Propublica has APIs for USA congressional information such as candidate profiles and voting records.
We can use the Json parser in Migrate Plus module read the API.
First, we'll need to sign up for an api key, and pass that in the X-API-Key header when we make requests.
Take a look at the json example module to see how they set up the migration yaml file.
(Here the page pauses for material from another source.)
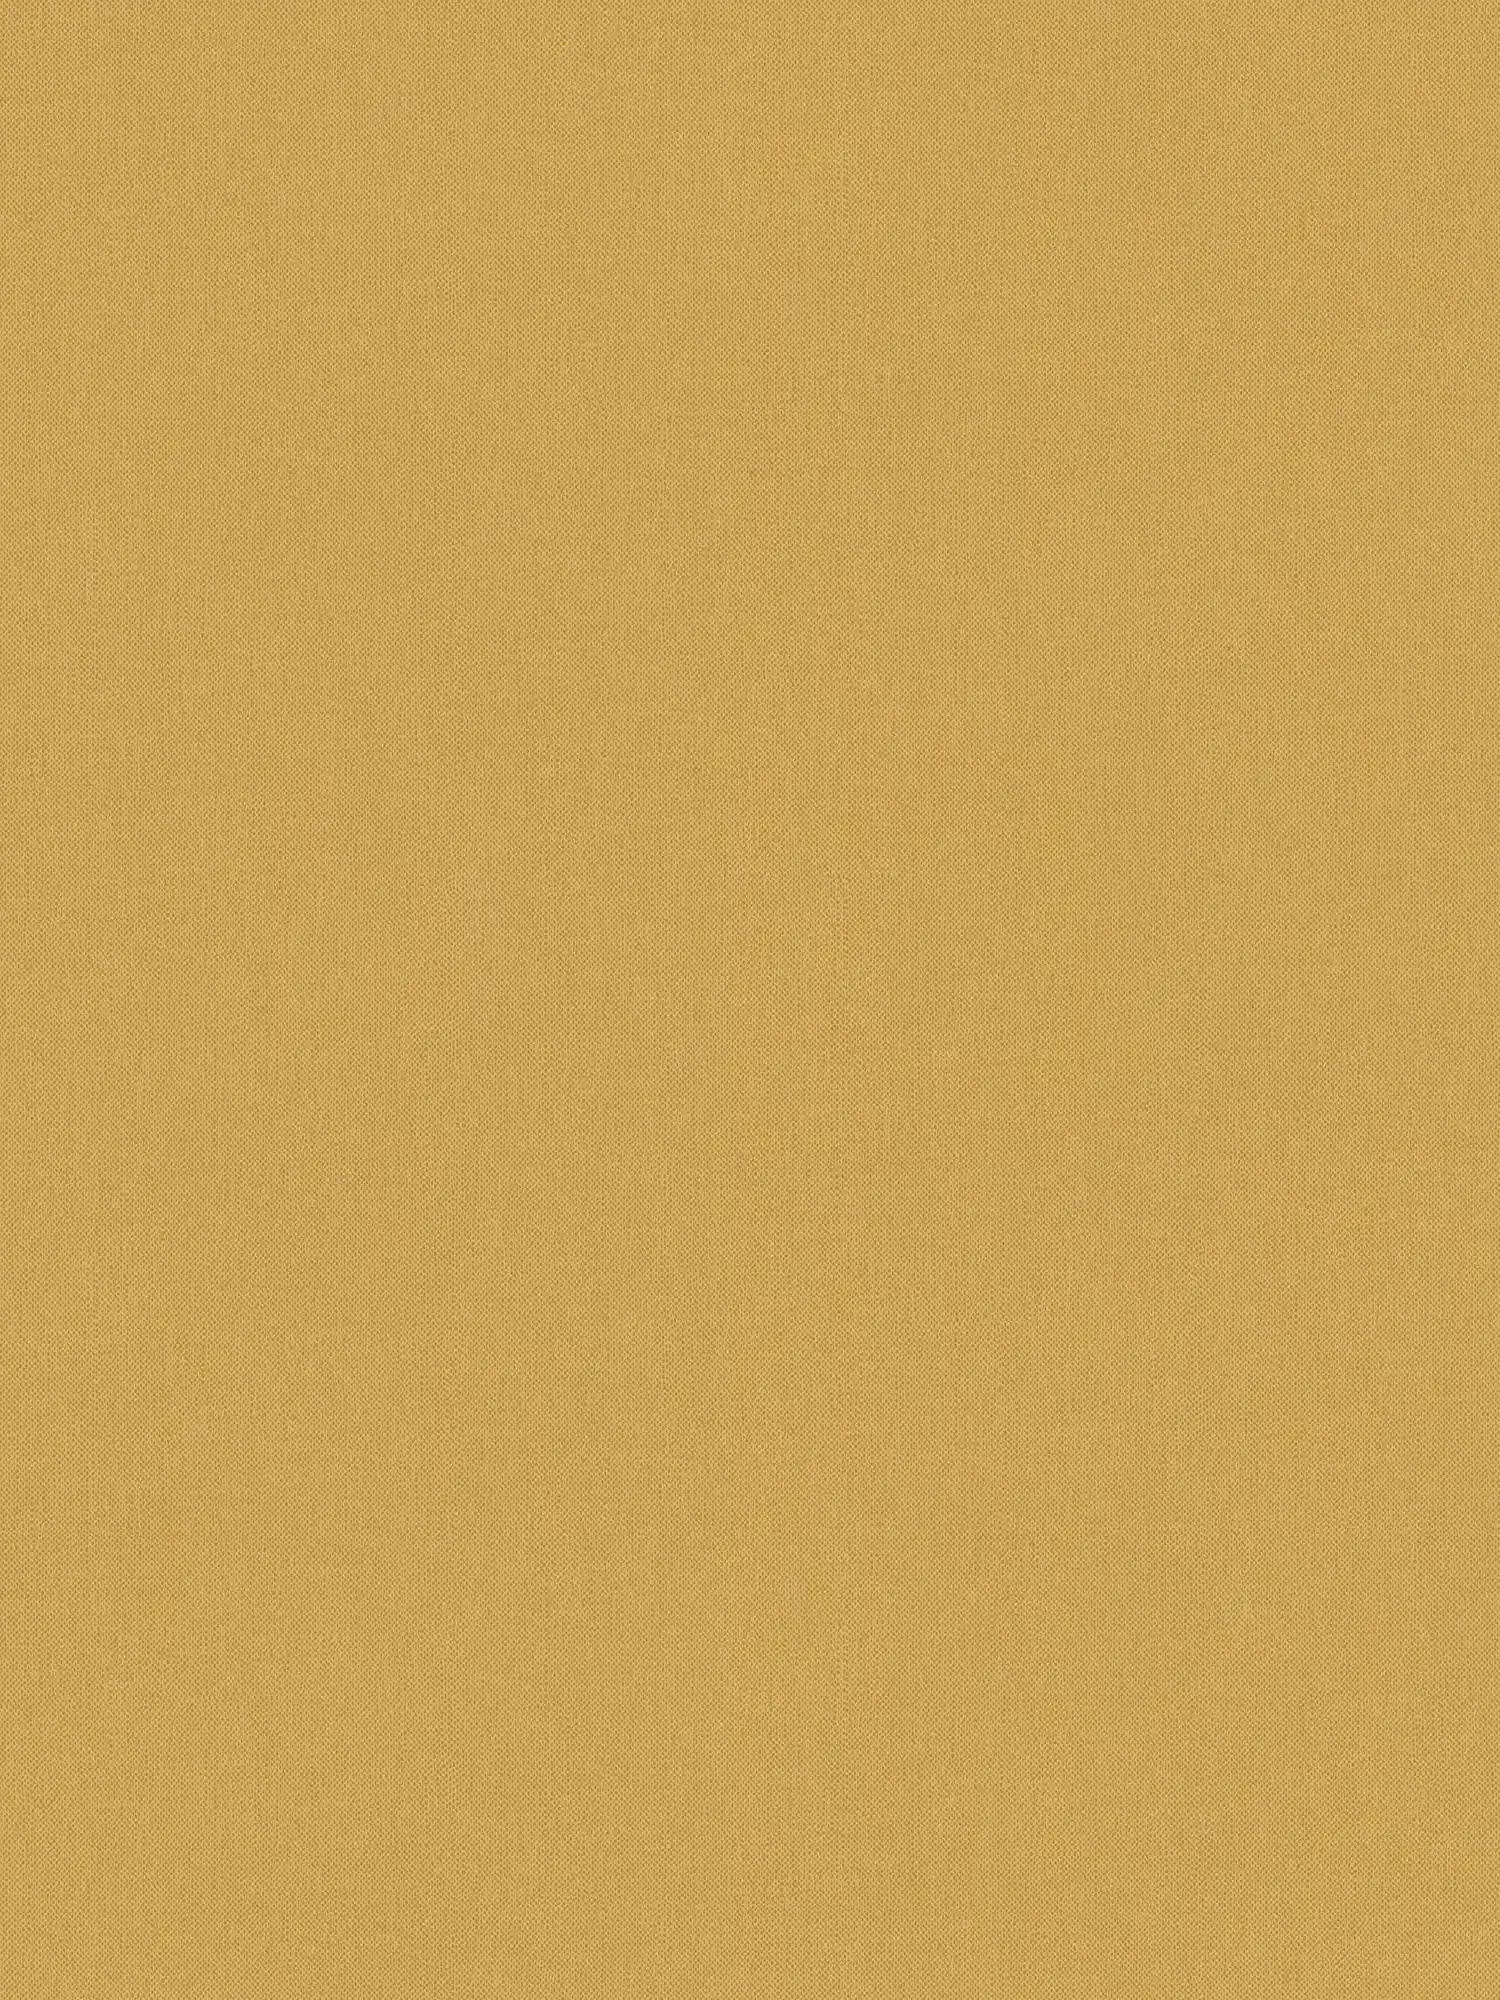 Carta da parati effetto lino giallo senape a tinta unita e opaca - giallo

You can copy this into the migrations directory in your custom module and modify it there. You may need to clear the cache in between changes. Alternatively, you can put it in your config/optional directory or paste it into the add config form. You may need to reference other tutorials to understand the various ways to supply migration config.
I named the file migrate_plus.migration.propublica_congress.yml
Here is the top of the file:
id: propublica_congress
label: JSON feed of congress members.
migration_group: Propublica
migration_tags:
- propublica congress
source:
plugin: url
data_fetcher_plugin: http
data_parser_plugin: json
headers:
X-API-Key: YOUR_API_KEY
urls:
- 'https://api.propublica.org/congress/v1/116/senate/members.json'
item_selector: /results/0/members
Note that Migrate Plus has fetcher and parser plugins for the url source plugin. Using the http fetcher and json parser, we just need to put in the api key, endpoint url, and selector. Replace YOUR_API_KEY with your api key.
The item selector is an xpath style syntax to reference the items in the results object.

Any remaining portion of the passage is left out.